According to Table 1, our method is optimal and suboptimal in terms of SSIM and PSNR compared with many algorithms. Especially, compared with the original SRCNN, the PSNR and SSIM are improved by approximately 1.3 dB and 0.02, respectively. Therefore, it can be proved that the algorithm in this paper is highly robust and the model has improved robustness after introducing the parallel image theory.

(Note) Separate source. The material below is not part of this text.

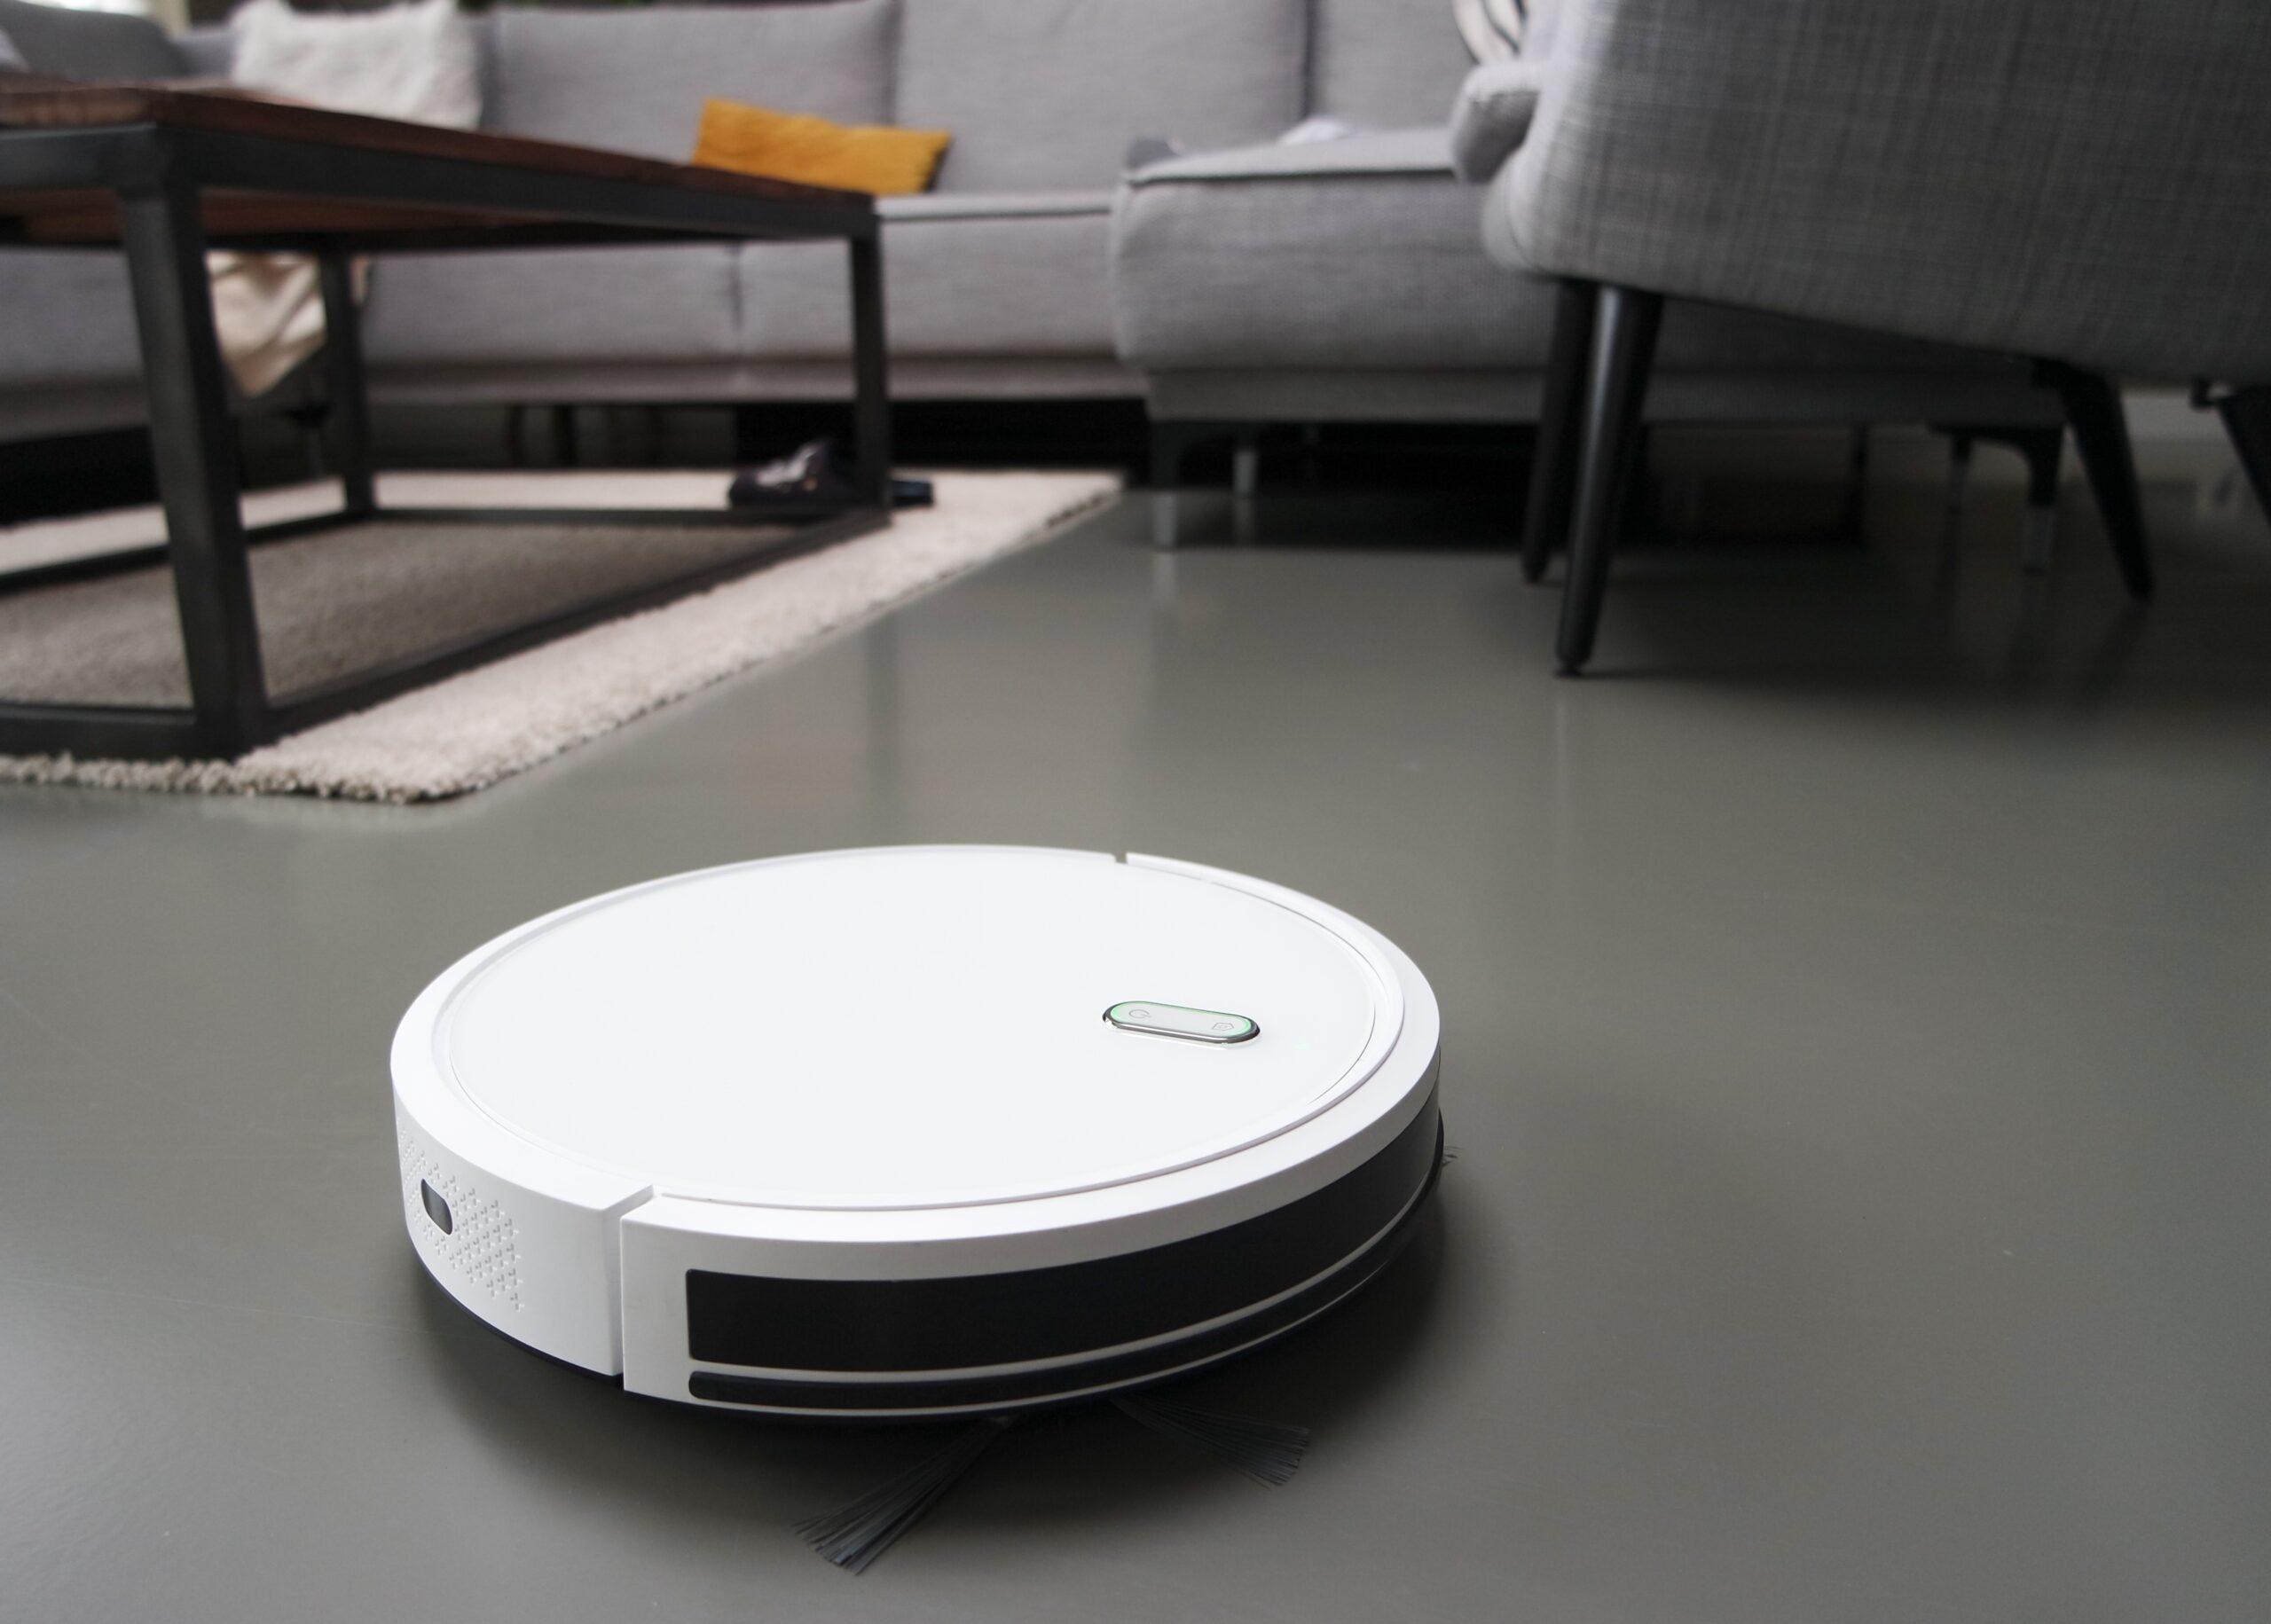 vacuum cleaner wireless technology robot modern interior design house cleaning floor cleaning t20 gLGpWG - Robot-Clean der biologische, universelle Duft Reiniger(Sandelholz) zum Mischen

We compared the test speed of SRCNN with our method before and after using OpenVINO. The result is shown in Table 2. It can be obtained from Table 2 that after using OpenVINO, the parallel speedup ratios of SRCNN and our method reach 700% and 760%, respectively. It can be proved that OpenVINO accelerates the test speed of our model.
5. Conclusion
This paper proposes an improved three-layer end-to-end convolutional neural network, which is used to reconstruct low-resolution face images to obtain corresponding high-resolution images. This paper introduces the parallel image theory to improve the robustness of our model, and it accelerates the test speed of our model by using OpenVINO. In addition, this paper uses a method of cotraining with multiple magnification factors to reduce the number of required network models. The final experimental results show that the method in this paper can cope with the super-resolution reconstruction of face images with different magnification factors and achieves better than traditional reconstruction methods.
On the other hand, through our experiment, the parallel image theory can effectively improve the robustness within the framework of existing model. In the parallel execution stage of the parallel image, OpenVINO can be used to accelerate the execution speed of our model, which makes the parallel vision model faster and better for real-time application. Therefore, our next research direction is to apply OpenVINO and parallel image theory to other computer vision models.
Data Availability
The training data used to support the findings of this study were collected from the LFW, WebCaricature, and FERET public databases.
Conflicts of Interest
The authors declare that there are no conflicts of interest.
Authors’ Contributions
Zhijie Huang and Wenbo Zheng contributed equally to this study.
Acknowledgments
This work was supported in part by the National Key R&D Program of China (2020YFB1600400), in part by the National Natural Science Foundation of China (61806198), and in part by the Key Research and Development Program of Guangzhou (202007050002).